WORK ORDER:
Each line from the one with "Musée Van Gogh Voie Bleu" through the last line below must be written out exactly. Do not copy pictures.

DATASET SECTION Start Marker

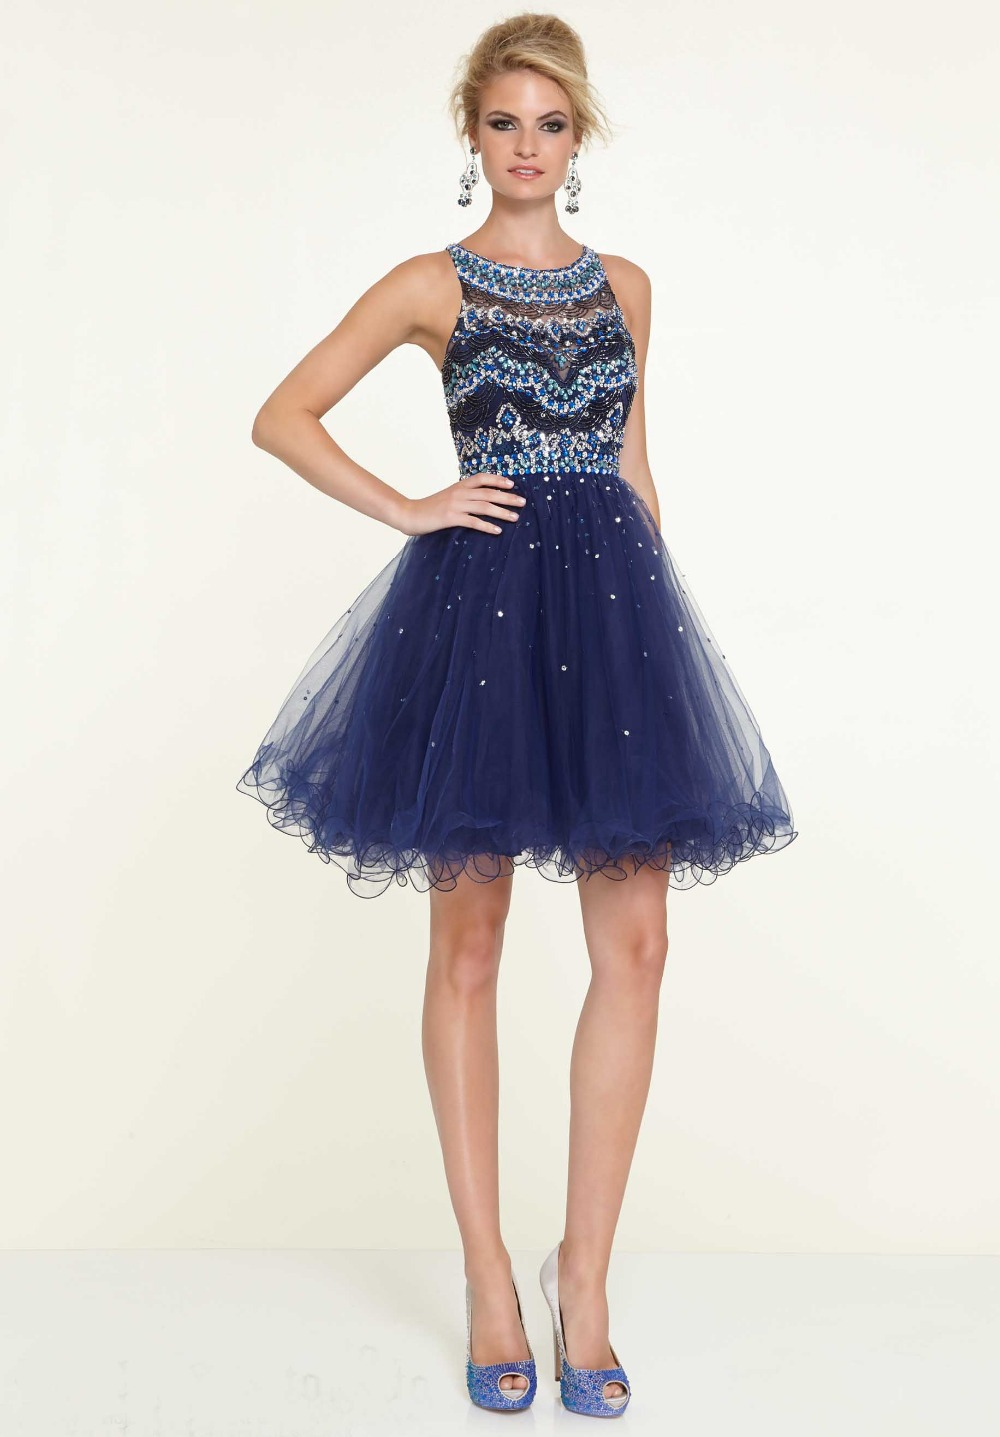 Short Navy Blue Dresses
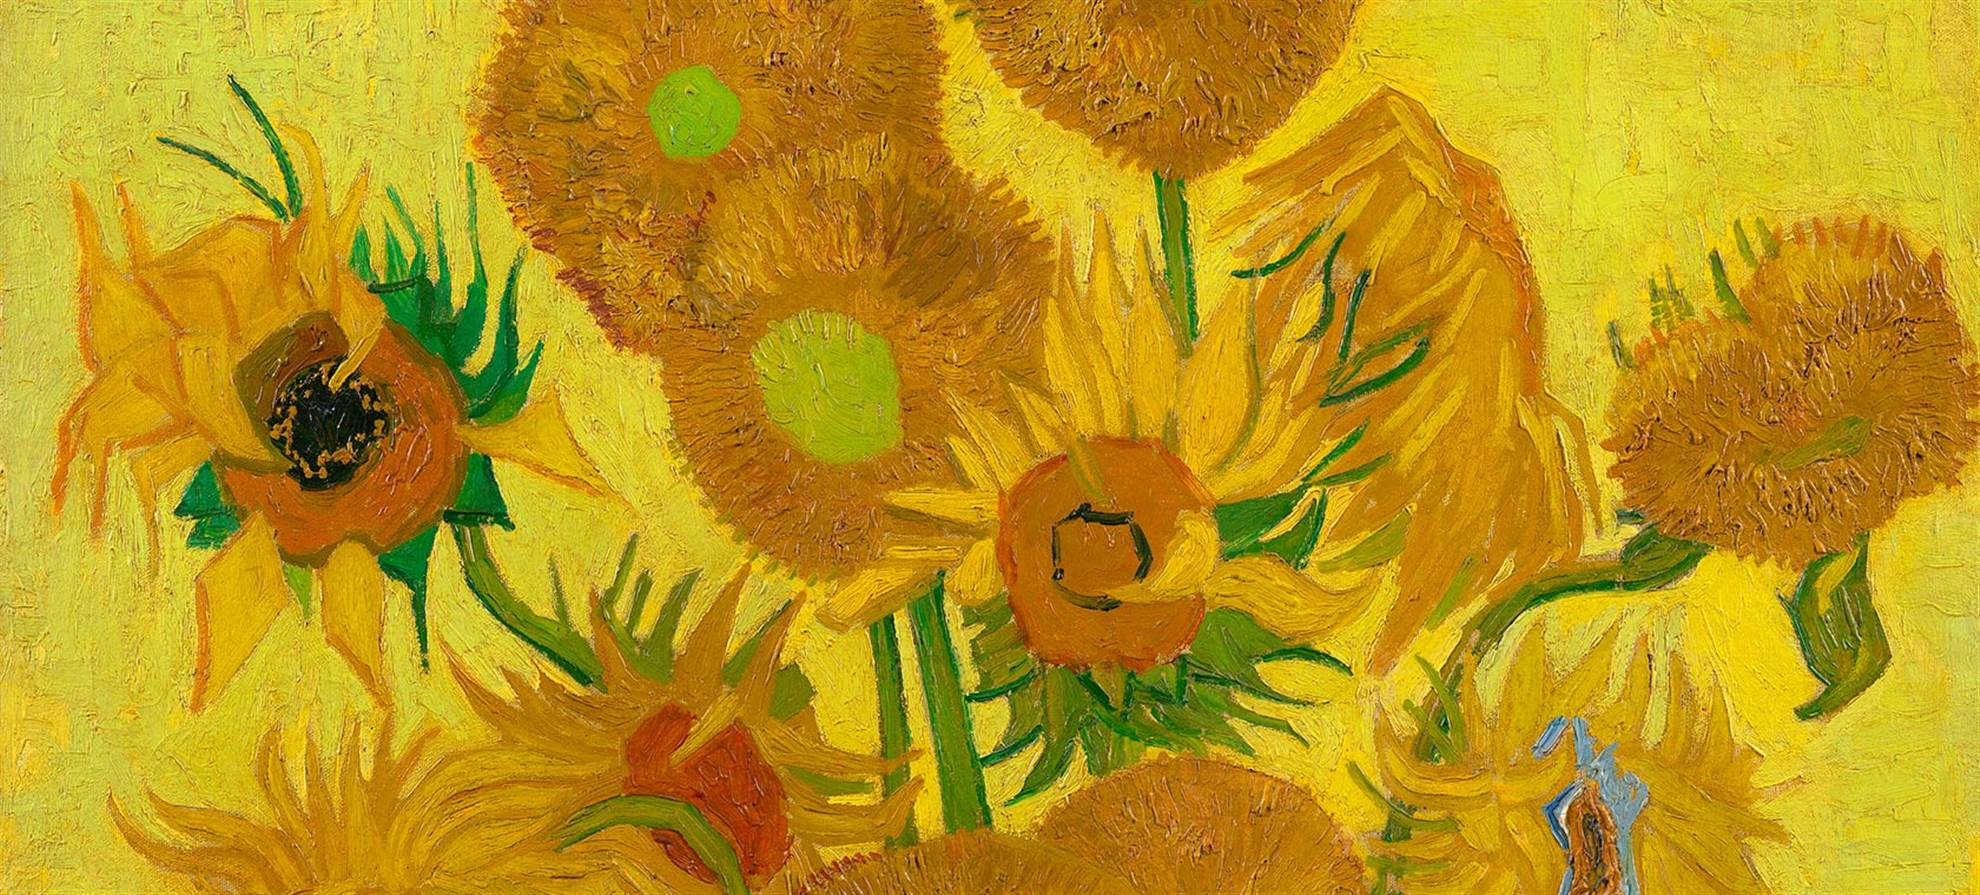 Musée Van Gogh Voie Bleu
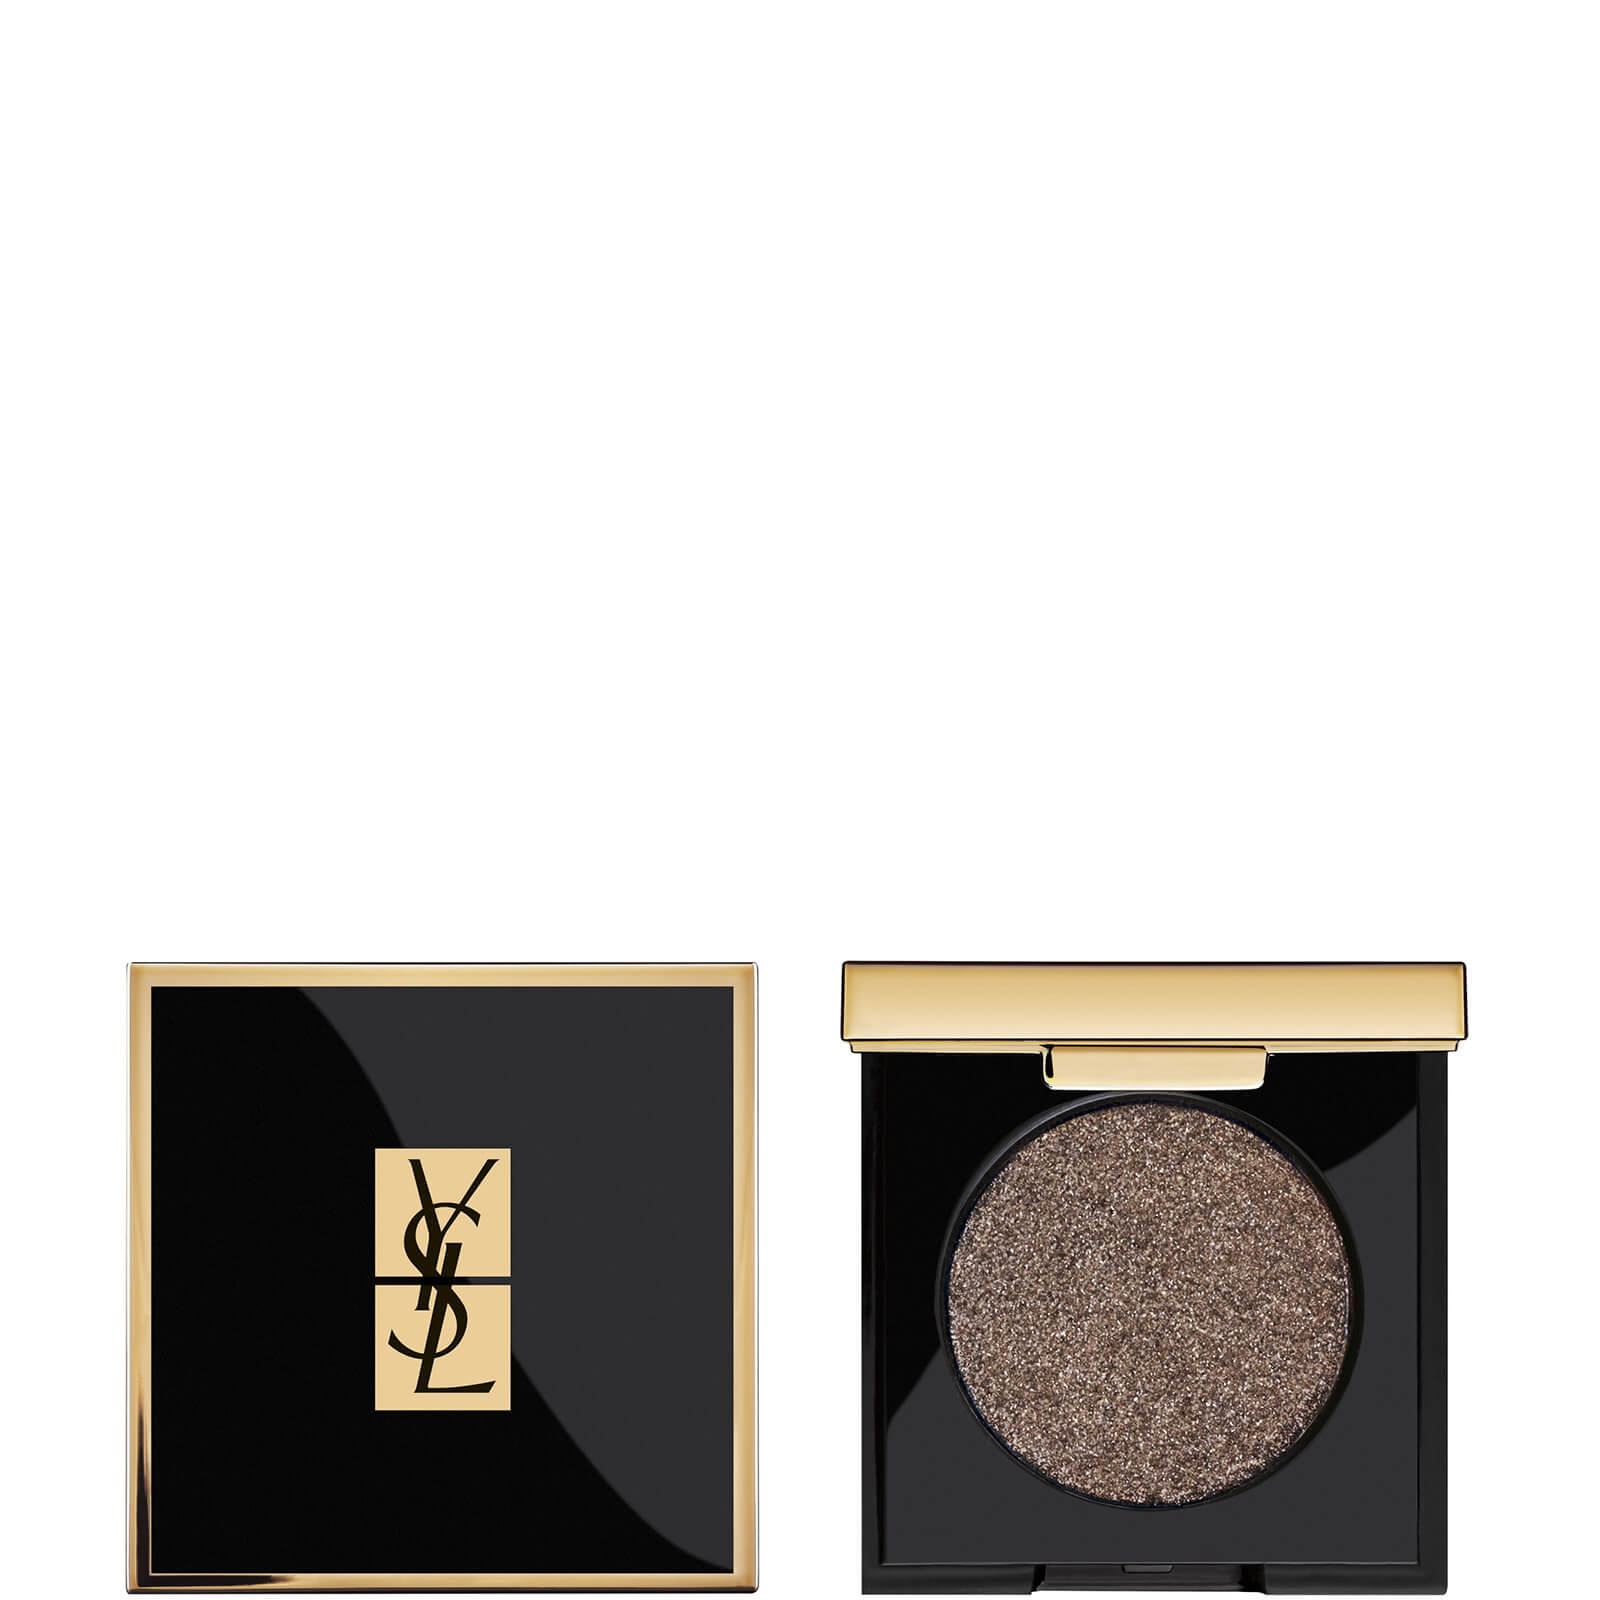 Купить Yves Saint Laurent Couture Crush Matte Mono Eyeshadow (Various Shades) - #43
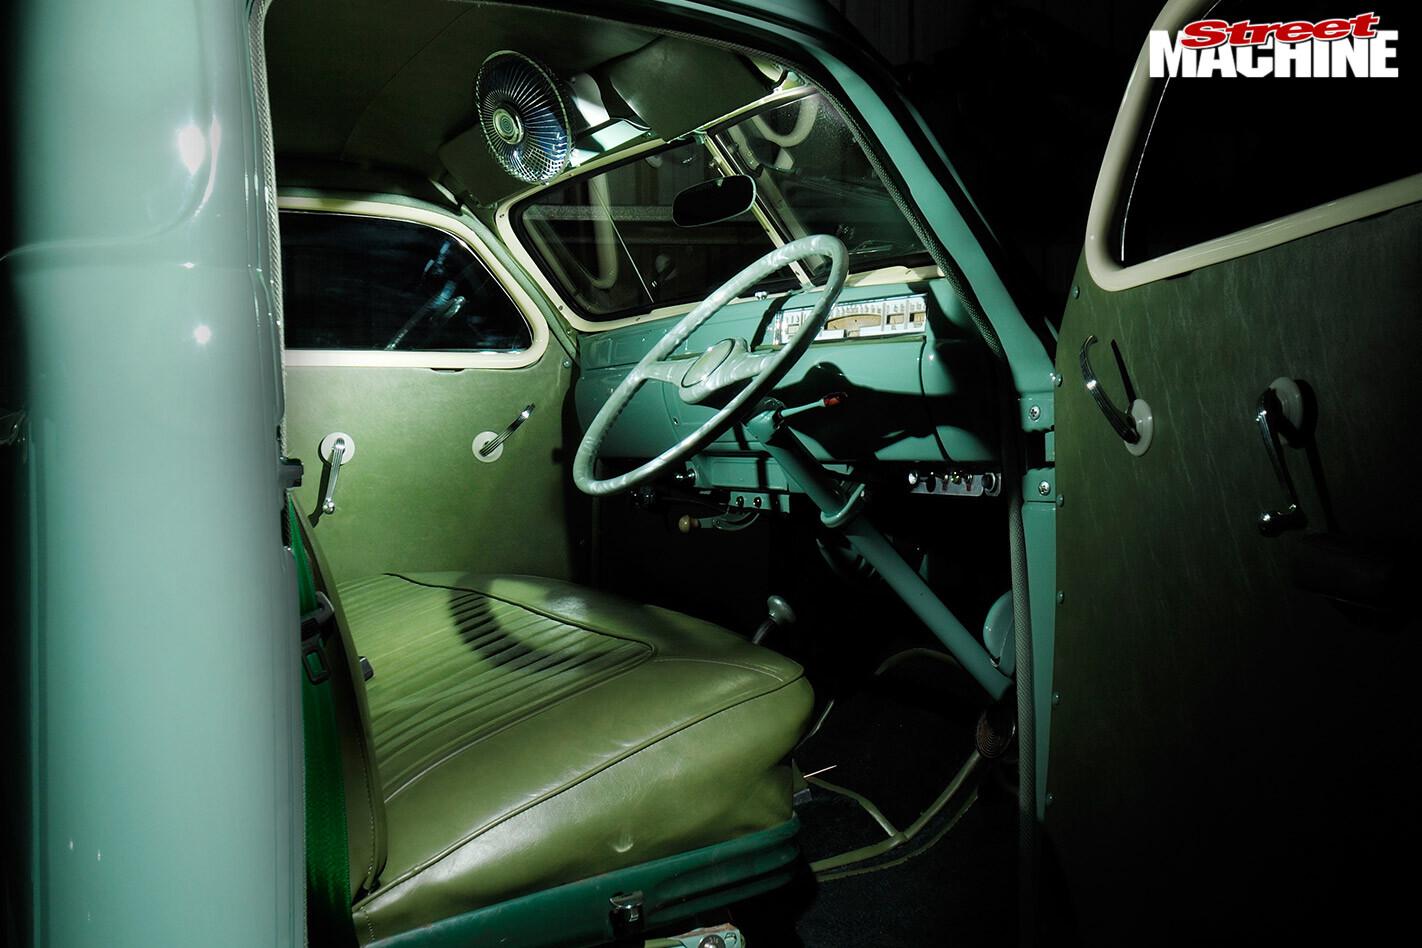 1948 Studebaker M5 pickup interior

DATASET SECTION End Marker

PROBLEM SOLUTION:
 Musée Van Gogh Voie Bleu
 Купить Yves Saint Laurent Couture Crush Matte Mono Eyeshadow (Various Shades) - #43
 1948 Studebaker M5 pickup interior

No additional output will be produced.